* **Required action**
No line before the one holding "Sen. Tim Scott, R-S.C., leans" is to be copied; that line and all after it, through the end of the listing, are returned exactly, minus pictures.

* **Recorded data**
* * * * * * * * *

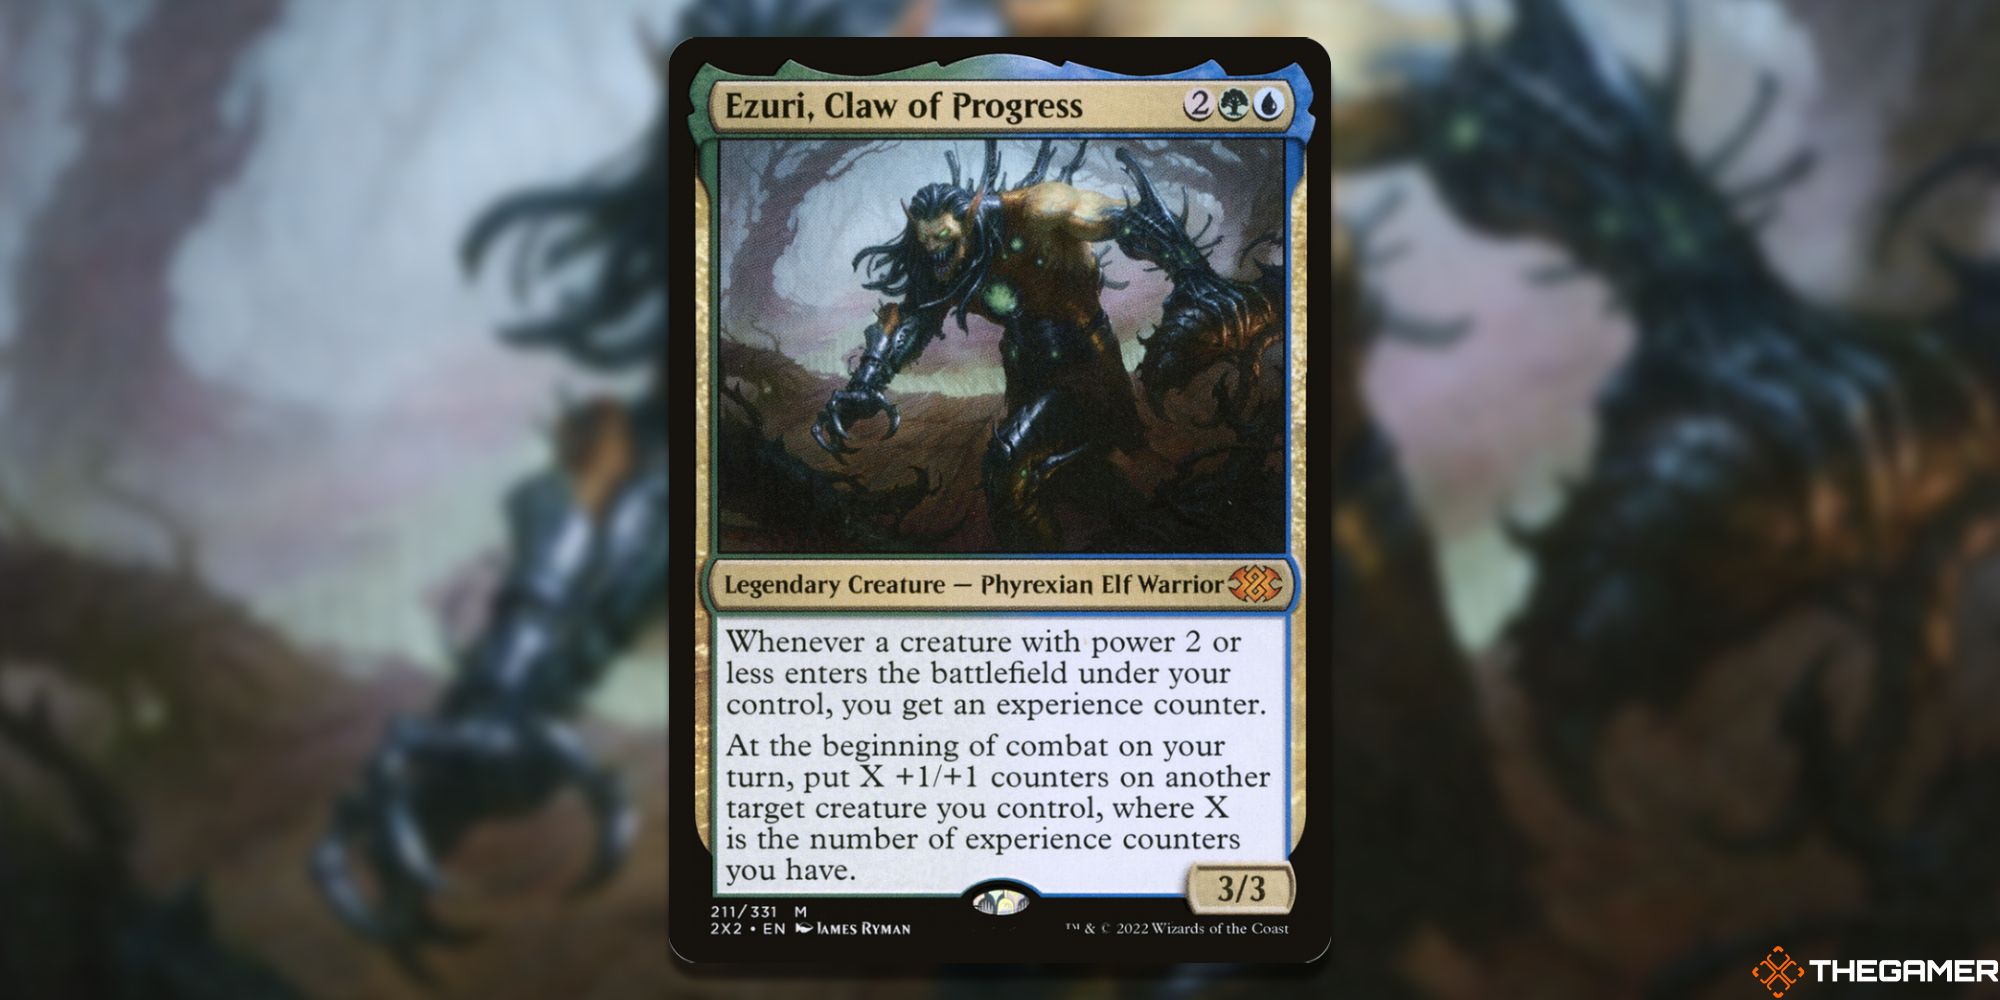 Image of the Ezuri, Claw of Progress  card in Magic: The Gathering, with art by James Ryman
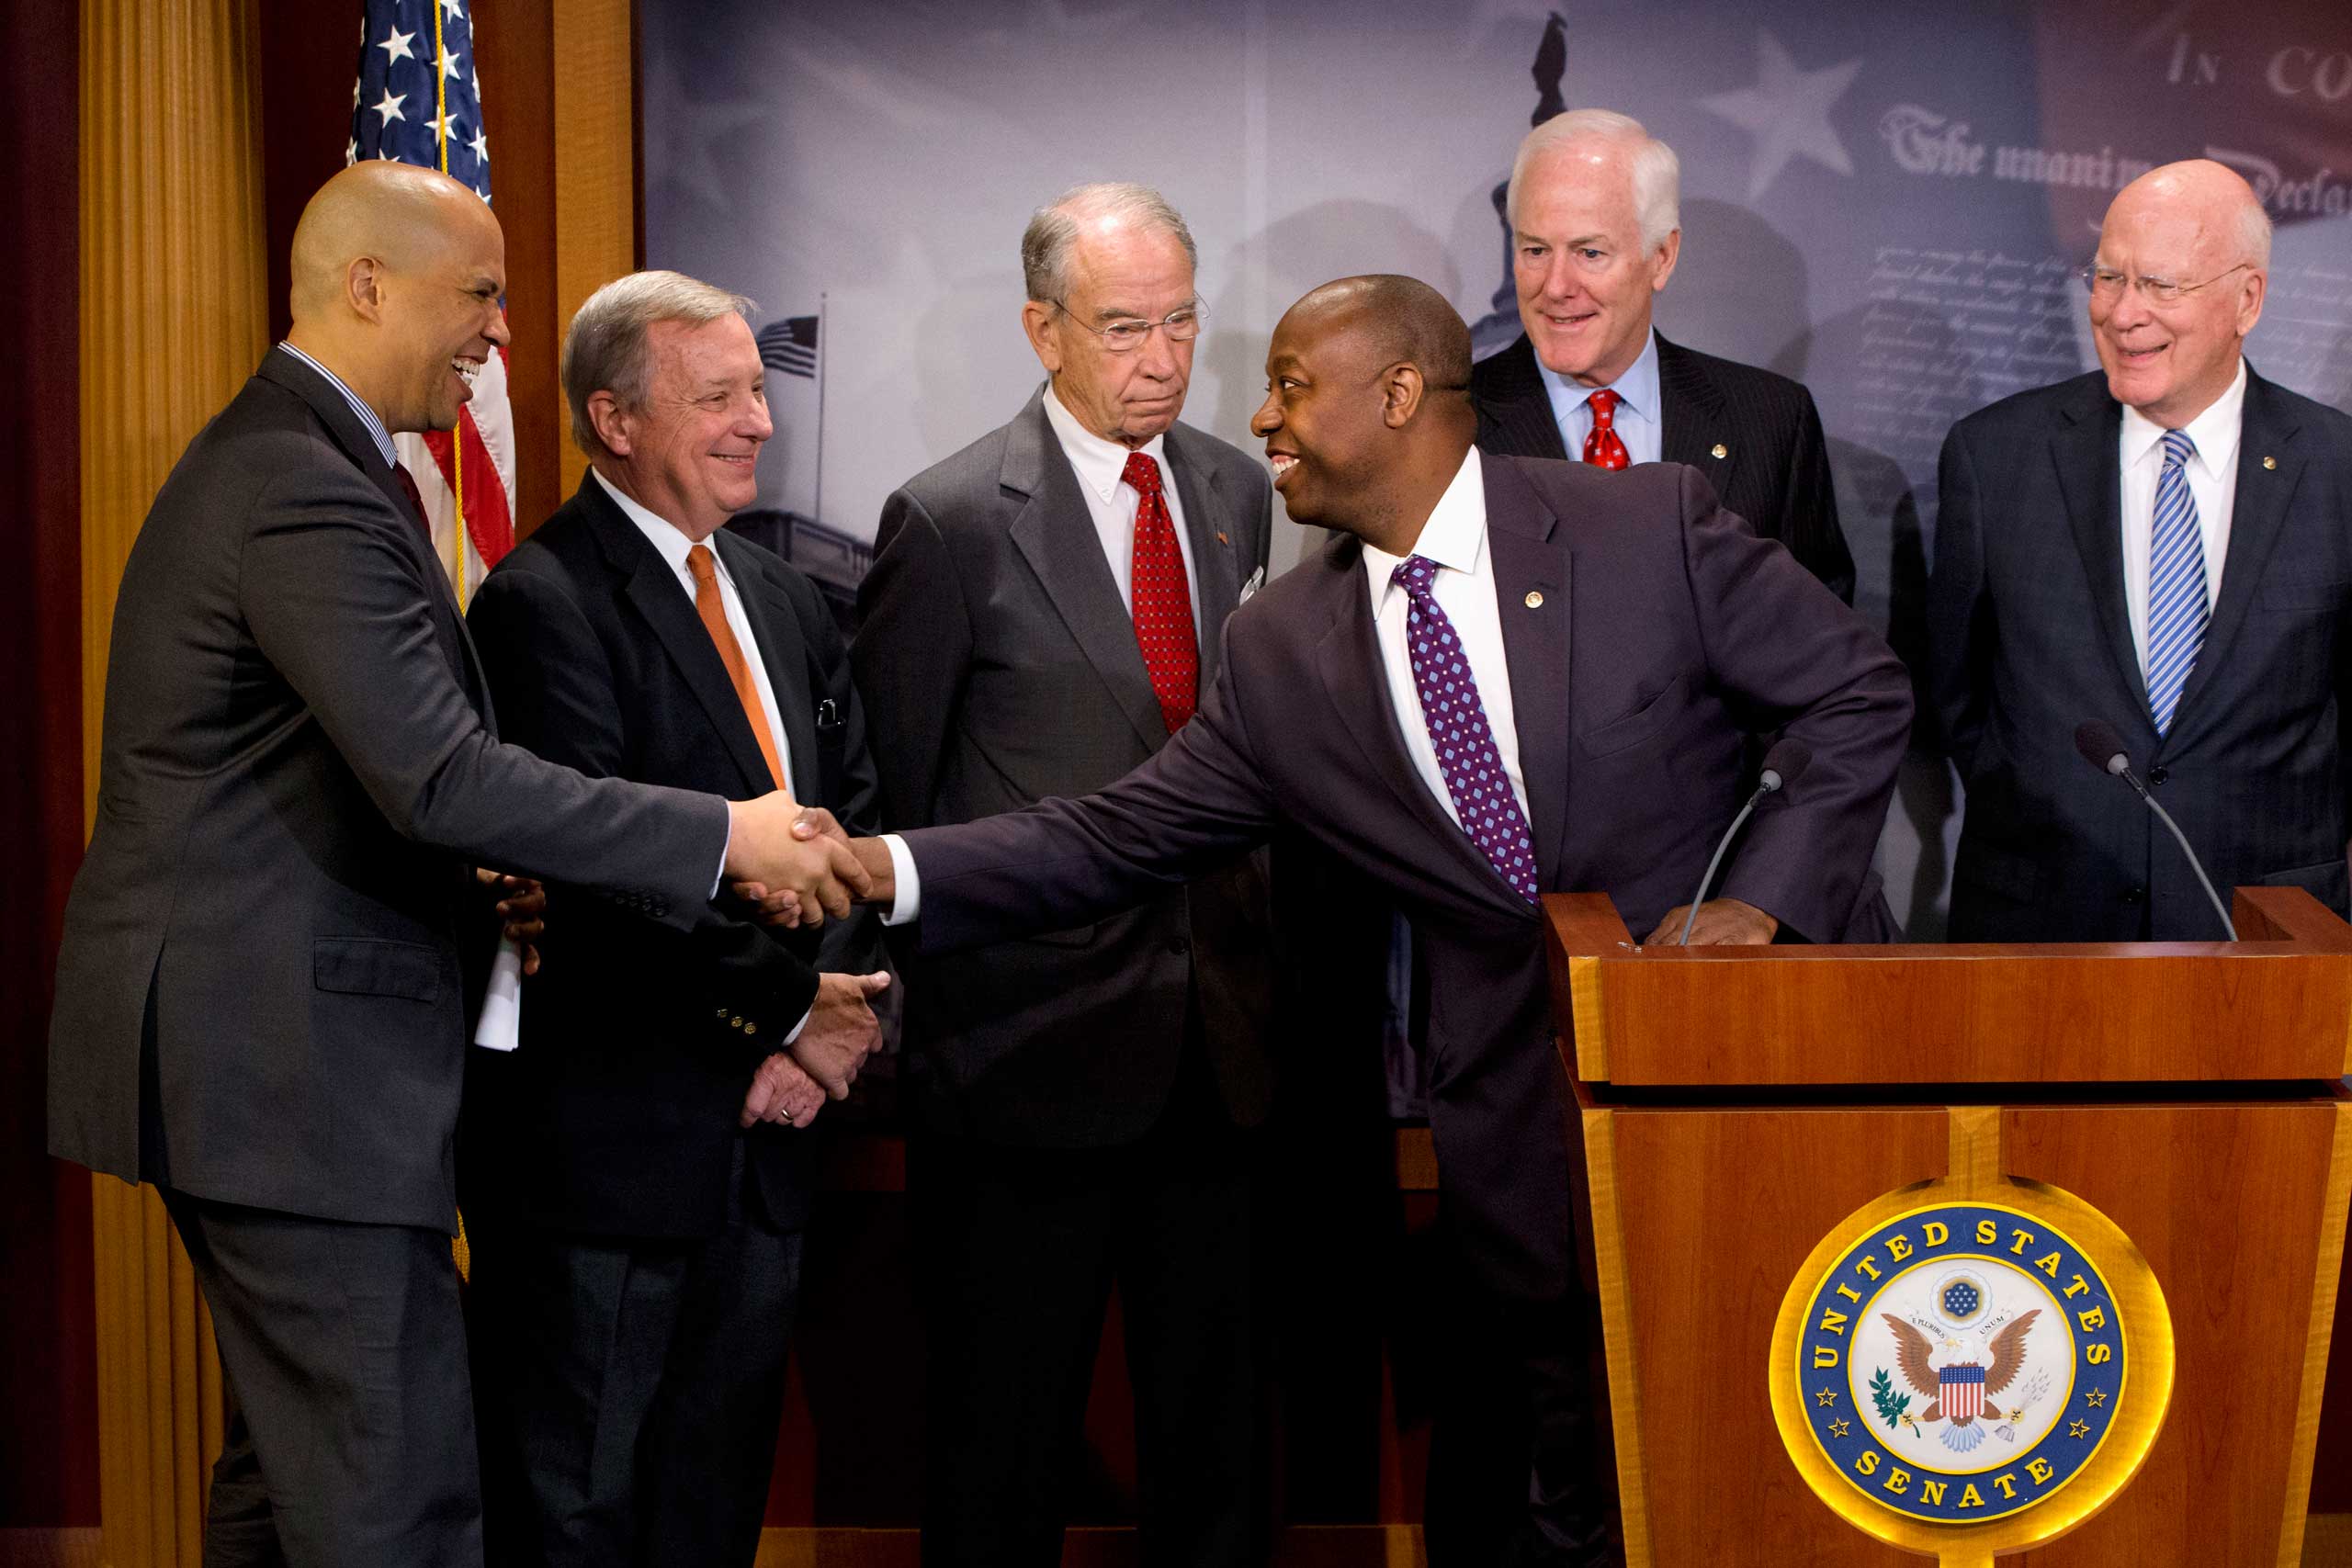 Sen. Tim Scott, R-S.C., leans from the podium to shake hands with Sen. Cory Booker, D-N.J., while speaking about criminal justice reform with a bipartisan group of senators during a news conference on Capitol Hill in Washington, Oct. 1, 2015, (Jacquelyn Martin—AP)
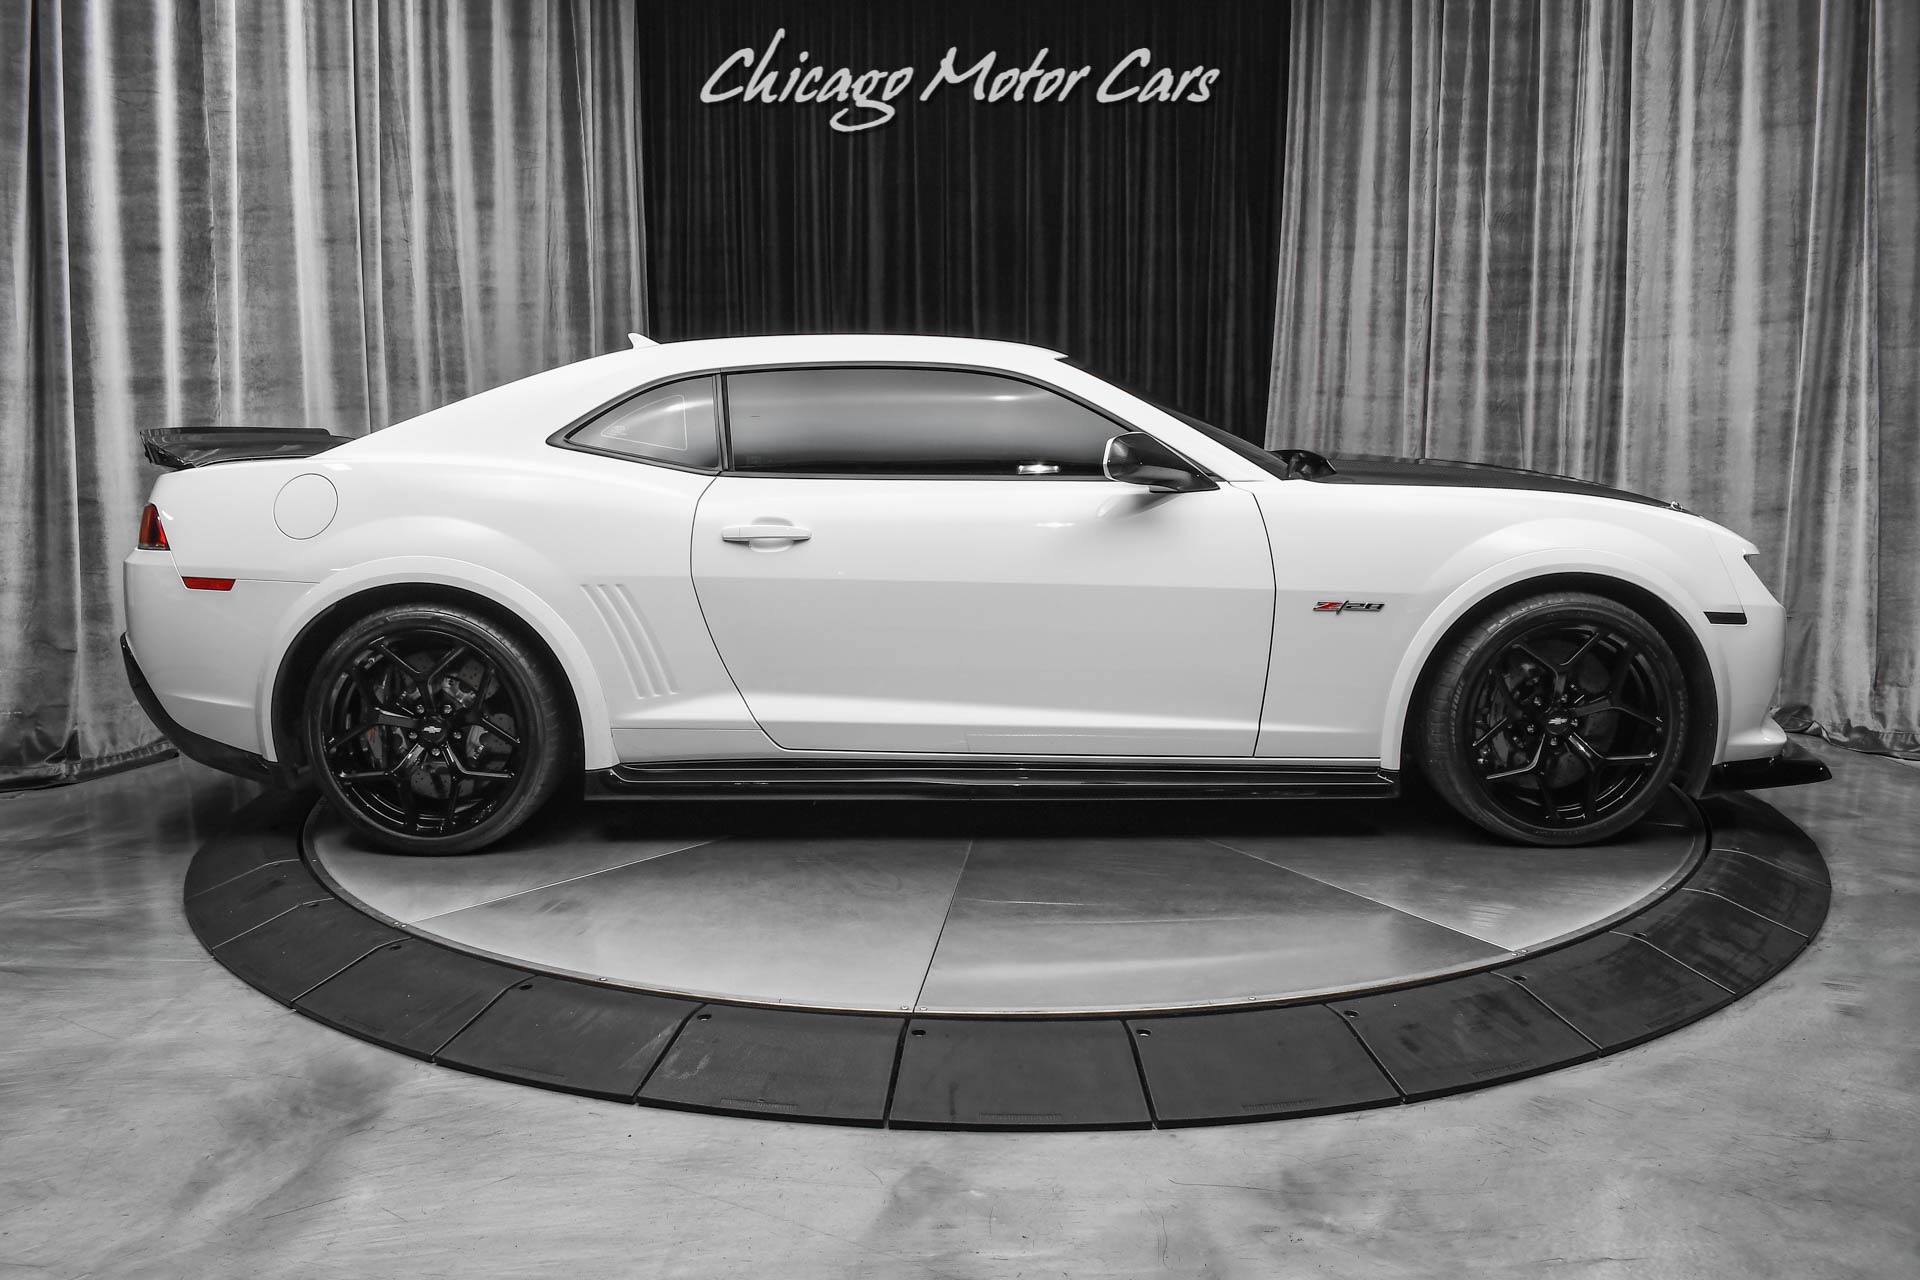 Used-2015-Chevrolet-Camaro-Z28-Coupe-Summit-White-6-Speed-Manual-Highly-Desired-LOW-Miles

* * * * * * * * *

* **Task answer**
 Sen. Tim Scott, R-S.C., leans from the podium to shake hands with Sen. Cory Booker, D-N.J., while speaking about criminal justice reform with a bipartisan group of senators during a news conference on Capitol Hill in Washington, Oct. 1, 2015, (Jacquelyn Martin—AP)
 Used-2015-Chevrolet-Camaro-Z28-Coupe-Summit-White-6-Speed-Manual-Highly-Desired-LOW-Miles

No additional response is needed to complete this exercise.